Luego Ben se alejó visiblemente enfadado a su mesa vacía y empezó a sollozar en silencio. Jason y Chad se dirigieron entonces hacia él y trataron de hablarle, pero Ben se tapó los oídos ignorándoles y salió corriendo del comedor para esconderse detrás de un contenedor de basura. Un grupo de chicas que había presenciado el diálogo trató entonces de mediar en la disputa y le dijeron que Jason quería jugar con él. Pero Ben tampoco quiso escucharías y les respondió que le dejaran solo. Luego siguió alimentando su resentimiento, acompañado tan sólo de su llanto.
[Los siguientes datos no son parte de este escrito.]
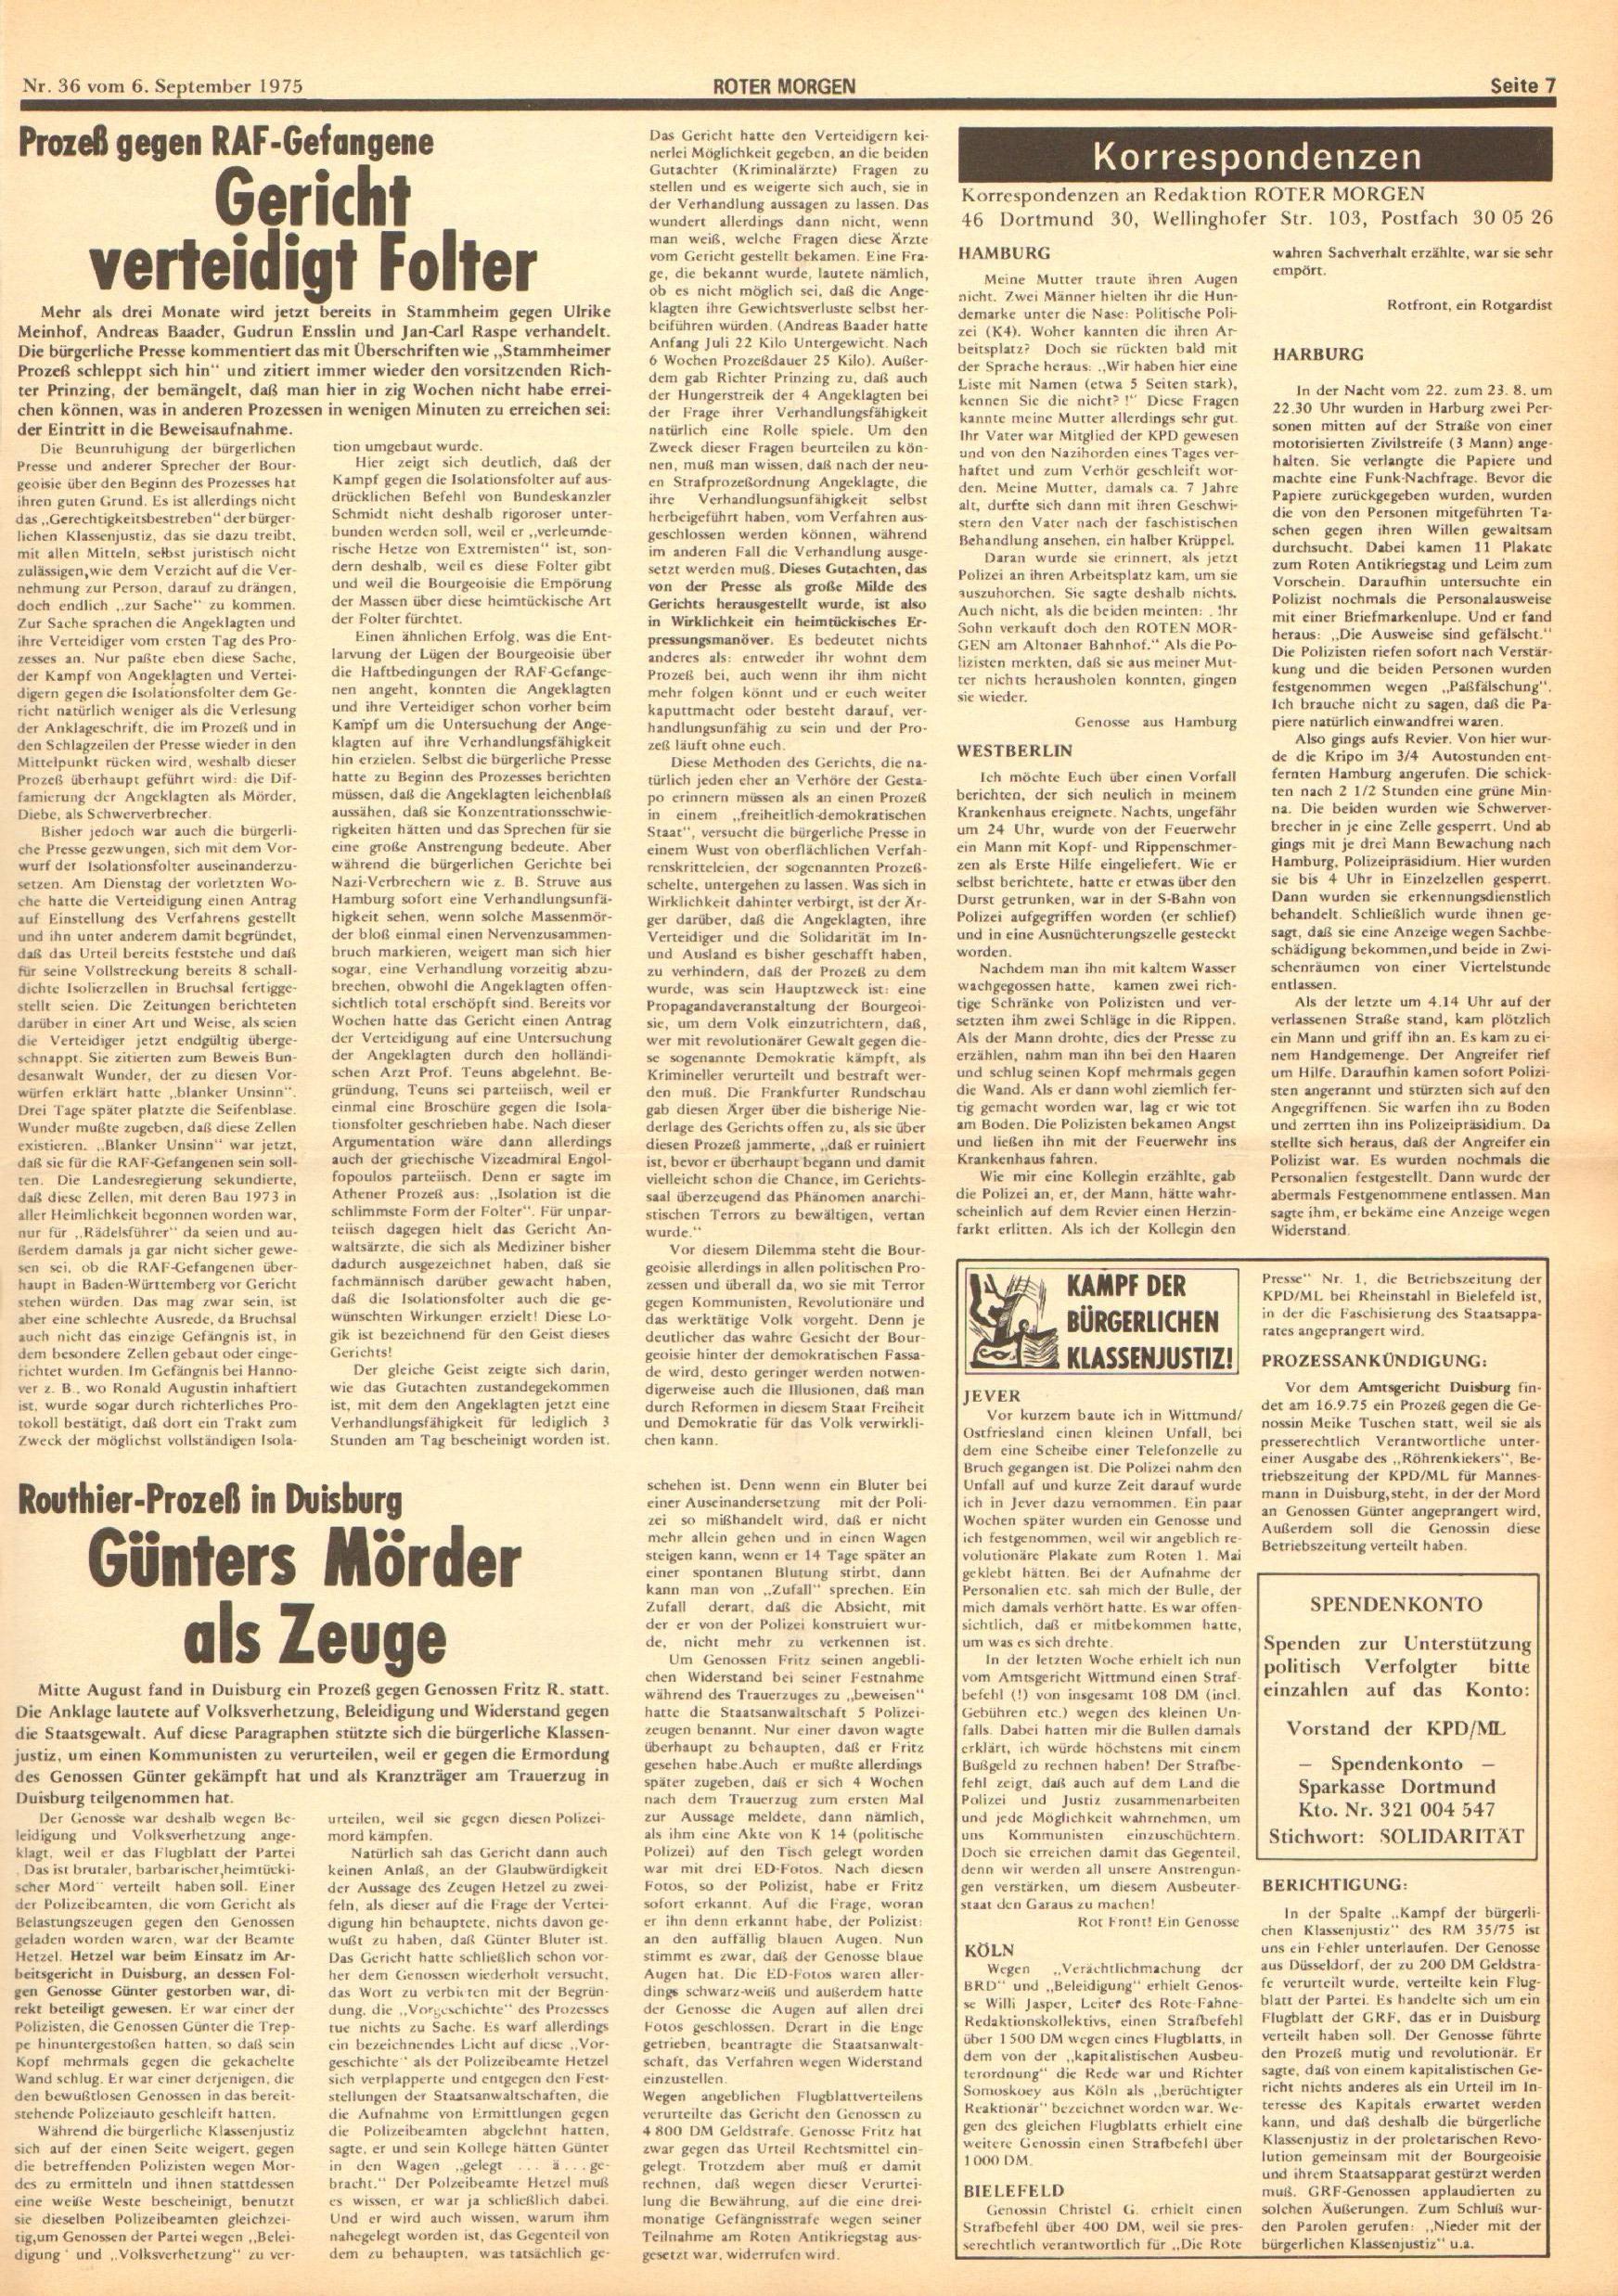 Roter Morgen, 9. Jg., 6. September 1975, Nr. 36, Seite 7

Una situación desoladora, ¿qué duda cabe? La sensación de sentírse rechazado y falto de la amistad de los demás es algo con lo que todos debemos enfrentarnos en algún momento de nuestra infancia o de nuestra adolescencia. Pero lo que resulta más llamativo en el caso de Ben es su ineptitud para responder a todos los intentos realizados por Jason para corregir su error, una actitud que sólo contribuyó a prolongar su malestar. Esta incapacidad para comprender ciertos mensajes clave resulta muy común en los niños impopulares. Como vimos en el capitulo 8, los niños socialmente rechazados suelen tener dificultades para registrar los mensajes emocionales y sociales y, en el caso de que lleguen a percibirlos, muestran un repertorio de respuestas sumamente restringido.

Uno de los riesgos principales que corren los niños socialmente rechazados es la posibilidad de abandonar la escuela. El promedio de abandono escolar entre los niños rechazados por sus compañeros es entre dos y ocho veces superior al de los niños populares. Por ejemplo, un estudio puso de manifiesto que aproximadamente el 25% de los niños impopulares en la escuela primaria abandonan sus estudios antes de terminar el instituto, cuando el promedio general es del ~ lo cual no resulta sorprendente dada la dificultad que puede suponer permanecer treinta horas semanales en un lugar en el que no le caemos simpático a nadie.

Hay dos tendencias emocionales que pueden contribuir a que los niños terminen marginándose socialmente. Una de ellas, como ya hemos visto, es la propensión a los arrebatos de cólera y a percibir hostilidad donde no la hay, y la otra consiste en mostrarse excesivamente tímido, ansioso y vergonzoso. Pero también tenemos que decir que, por encima de estos factores temperamentales, los niños que más tienden a ser relegados —aquéllos cuya reiterada terquedad hace sentirse incómodos a los demás— son los niños «desconectados».

Una de las formas en que estos niños se muestran «desconectados» es a través de las señales emocionales que emiten al mundo exterior. Por ejemplo, un estudio demostró que los niños con pocos amigos no sabían emparejar una emoción —como el disgusto o el rechazo, por ejemplo— con un determinado rostro.